::: Material to process :::
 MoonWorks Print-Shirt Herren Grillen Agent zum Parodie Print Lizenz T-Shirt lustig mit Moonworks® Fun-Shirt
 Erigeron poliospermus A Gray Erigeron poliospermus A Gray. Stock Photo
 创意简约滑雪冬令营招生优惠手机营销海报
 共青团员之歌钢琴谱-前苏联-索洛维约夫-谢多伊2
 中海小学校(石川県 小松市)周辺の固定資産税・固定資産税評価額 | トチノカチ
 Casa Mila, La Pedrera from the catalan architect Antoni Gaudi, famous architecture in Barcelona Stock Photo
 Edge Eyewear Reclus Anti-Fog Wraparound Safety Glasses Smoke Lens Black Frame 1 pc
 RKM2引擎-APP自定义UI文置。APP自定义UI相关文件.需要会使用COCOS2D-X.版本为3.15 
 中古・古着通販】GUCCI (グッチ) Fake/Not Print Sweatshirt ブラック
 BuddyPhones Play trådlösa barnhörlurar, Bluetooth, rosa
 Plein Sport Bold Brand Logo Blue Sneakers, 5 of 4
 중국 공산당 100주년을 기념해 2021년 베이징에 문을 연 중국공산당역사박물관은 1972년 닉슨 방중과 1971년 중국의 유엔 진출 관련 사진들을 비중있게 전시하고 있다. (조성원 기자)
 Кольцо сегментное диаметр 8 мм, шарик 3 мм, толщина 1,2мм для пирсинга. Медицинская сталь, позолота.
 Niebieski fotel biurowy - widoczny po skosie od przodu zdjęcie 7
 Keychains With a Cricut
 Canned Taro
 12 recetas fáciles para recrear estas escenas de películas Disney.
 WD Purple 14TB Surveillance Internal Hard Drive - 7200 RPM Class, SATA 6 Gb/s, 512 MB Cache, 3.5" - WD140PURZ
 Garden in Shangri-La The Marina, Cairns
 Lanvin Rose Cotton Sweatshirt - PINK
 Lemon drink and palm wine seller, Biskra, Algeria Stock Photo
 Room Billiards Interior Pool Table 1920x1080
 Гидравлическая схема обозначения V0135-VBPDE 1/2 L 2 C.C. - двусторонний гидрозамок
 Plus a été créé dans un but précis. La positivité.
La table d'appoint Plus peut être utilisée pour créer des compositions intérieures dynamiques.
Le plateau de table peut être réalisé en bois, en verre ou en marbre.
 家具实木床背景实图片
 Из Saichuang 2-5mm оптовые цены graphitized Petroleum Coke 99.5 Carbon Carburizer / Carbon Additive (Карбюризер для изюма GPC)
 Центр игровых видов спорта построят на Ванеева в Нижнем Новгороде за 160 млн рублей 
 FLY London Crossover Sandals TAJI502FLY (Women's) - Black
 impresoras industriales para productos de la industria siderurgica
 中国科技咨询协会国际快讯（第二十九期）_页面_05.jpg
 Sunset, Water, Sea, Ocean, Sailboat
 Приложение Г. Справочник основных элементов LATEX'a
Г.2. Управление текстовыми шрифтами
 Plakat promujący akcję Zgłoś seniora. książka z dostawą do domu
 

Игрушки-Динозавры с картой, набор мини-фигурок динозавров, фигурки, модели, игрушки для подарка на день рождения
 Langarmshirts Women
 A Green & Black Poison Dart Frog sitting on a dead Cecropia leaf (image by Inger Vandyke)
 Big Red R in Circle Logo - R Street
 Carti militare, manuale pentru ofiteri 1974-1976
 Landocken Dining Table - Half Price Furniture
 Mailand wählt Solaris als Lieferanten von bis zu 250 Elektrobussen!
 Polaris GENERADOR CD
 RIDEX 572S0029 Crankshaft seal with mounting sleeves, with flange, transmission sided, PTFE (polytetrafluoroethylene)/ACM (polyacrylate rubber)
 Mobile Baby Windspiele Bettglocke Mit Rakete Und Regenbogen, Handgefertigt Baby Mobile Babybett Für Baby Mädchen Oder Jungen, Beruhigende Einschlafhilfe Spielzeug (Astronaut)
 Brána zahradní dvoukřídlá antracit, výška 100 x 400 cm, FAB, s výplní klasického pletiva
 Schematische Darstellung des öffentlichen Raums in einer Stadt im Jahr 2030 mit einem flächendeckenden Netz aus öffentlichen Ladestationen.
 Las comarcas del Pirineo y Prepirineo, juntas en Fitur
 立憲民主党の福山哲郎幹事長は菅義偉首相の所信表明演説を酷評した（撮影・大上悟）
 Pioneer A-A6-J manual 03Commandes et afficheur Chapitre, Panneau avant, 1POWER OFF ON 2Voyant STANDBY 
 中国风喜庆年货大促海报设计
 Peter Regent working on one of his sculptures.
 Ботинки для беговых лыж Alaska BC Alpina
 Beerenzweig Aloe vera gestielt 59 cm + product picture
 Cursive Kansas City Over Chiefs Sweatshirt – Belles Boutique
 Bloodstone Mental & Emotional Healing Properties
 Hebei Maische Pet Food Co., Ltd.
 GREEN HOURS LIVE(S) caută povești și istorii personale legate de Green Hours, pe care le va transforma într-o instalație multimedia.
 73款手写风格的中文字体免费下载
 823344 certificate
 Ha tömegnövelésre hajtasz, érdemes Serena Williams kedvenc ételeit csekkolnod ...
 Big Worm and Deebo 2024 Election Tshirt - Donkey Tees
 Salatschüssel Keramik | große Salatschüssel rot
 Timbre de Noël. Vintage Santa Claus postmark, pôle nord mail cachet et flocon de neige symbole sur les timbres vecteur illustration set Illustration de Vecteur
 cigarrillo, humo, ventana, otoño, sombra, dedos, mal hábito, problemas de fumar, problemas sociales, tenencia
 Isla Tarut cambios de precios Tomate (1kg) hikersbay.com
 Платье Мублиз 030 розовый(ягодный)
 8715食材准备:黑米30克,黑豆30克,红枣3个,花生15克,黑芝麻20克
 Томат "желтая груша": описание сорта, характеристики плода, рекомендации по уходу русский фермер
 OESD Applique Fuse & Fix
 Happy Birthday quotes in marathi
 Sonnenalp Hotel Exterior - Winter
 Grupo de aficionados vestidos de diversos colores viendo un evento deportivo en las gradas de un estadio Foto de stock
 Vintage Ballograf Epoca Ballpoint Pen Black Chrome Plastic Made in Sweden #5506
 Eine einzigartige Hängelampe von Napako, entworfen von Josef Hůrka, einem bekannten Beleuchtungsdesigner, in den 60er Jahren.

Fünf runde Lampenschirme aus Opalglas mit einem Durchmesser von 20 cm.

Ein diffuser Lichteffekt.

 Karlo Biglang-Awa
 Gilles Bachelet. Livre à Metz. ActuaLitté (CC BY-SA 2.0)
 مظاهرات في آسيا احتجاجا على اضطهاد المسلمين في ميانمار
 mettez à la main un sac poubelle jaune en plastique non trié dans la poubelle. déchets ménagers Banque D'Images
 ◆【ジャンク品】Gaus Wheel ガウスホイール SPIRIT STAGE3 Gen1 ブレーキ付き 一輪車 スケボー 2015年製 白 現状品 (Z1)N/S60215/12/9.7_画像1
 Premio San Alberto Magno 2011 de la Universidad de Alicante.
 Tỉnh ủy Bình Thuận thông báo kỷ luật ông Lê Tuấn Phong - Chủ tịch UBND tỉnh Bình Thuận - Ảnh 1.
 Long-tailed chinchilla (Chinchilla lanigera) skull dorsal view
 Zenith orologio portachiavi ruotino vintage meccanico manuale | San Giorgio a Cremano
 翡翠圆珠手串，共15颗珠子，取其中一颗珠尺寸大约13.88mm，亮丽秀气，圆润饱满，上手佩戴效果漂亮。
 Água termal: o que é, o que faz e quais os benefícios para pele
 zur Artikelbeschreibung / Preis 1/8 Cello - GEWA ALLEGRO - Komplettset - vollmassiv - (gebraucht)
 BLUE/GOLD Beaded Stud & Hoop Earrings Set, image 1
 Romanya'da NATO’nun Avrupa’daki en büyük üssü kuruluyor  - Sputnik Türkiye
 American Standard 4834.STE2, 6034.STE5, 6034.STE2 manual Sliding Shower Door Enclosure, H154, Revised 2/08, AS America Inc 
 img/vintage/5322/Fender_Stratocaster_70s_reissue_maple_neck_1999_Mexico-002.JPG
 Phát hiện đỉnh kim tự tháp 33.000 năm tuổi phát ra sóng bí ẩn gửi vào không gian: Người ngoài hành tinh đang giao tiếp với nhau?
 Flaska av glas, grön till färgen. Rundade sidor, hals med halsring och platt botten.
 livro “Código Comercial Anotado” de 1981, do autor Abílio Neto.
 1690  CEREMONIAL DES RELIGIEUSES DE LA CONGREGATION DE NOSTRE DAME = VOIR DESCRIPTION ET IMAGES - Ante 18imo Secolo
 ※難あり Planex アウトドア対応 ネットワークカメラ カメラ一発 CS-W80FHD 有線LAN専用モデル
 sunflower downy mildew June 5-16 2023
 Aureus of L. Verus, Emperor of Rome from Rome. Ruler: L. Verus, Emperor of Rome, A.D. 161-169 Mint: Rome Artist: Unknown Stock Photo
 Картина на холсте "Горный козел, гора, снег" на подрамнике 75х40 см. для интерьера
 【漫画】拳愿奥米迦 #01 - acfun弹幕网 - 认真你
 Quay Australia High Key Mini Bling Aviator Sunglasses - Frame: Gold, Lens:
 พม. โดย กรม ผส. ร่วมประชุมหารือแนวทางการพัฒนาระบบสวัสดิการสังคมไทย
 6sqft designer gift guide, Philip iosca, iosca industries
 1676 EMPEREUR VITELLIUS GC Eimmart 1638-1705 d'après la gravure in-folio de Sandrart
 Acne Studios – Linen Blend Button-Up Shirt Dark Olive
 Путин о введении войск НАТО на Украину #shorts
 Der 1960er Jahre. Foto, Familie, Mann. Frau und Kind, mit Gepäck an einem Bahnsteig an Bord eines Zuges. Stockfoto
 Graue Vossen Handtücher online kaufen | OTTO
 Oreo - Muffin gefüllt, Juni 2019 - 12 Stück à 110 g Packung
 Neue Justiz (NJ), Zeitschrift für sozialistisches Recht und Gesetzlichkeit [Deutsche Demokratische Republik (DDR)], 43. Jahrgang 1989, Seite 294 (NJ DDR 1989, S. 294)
:::
### Exercise requirements
Please write out the material word for word from its first line through the line holding "Edge Eyewear Reclus", including both, and no line past it.

### Written answer
 MoonWorks Print-Shirt Herren Grillen Agent zum Parodie Print Lizenz T-Shirt lustig mit Moonworks® Fun-Shirt
 Erigeron poliospermus A Gray Erigeron poliospermus A Gray. Stock Photo
 创意简约滑雪冬令营招生优惠手机营销海报
 共青团员之歌钢琴谱-前苏联-索洛维约夫-谢多伊2
 中海小学校(石川県 小松市)周辺の固定資産税・固定資産税評価額 | トチノカチ
 Casa Mila, La Pedrera from the catalan architect Antoni Gaudi, famous architecture in Barcelona Stock Photo
 Edge Eyewear Reclus Anti-Fog Wraparound Safety Glasses Smoke Lens Black Frame 1 pc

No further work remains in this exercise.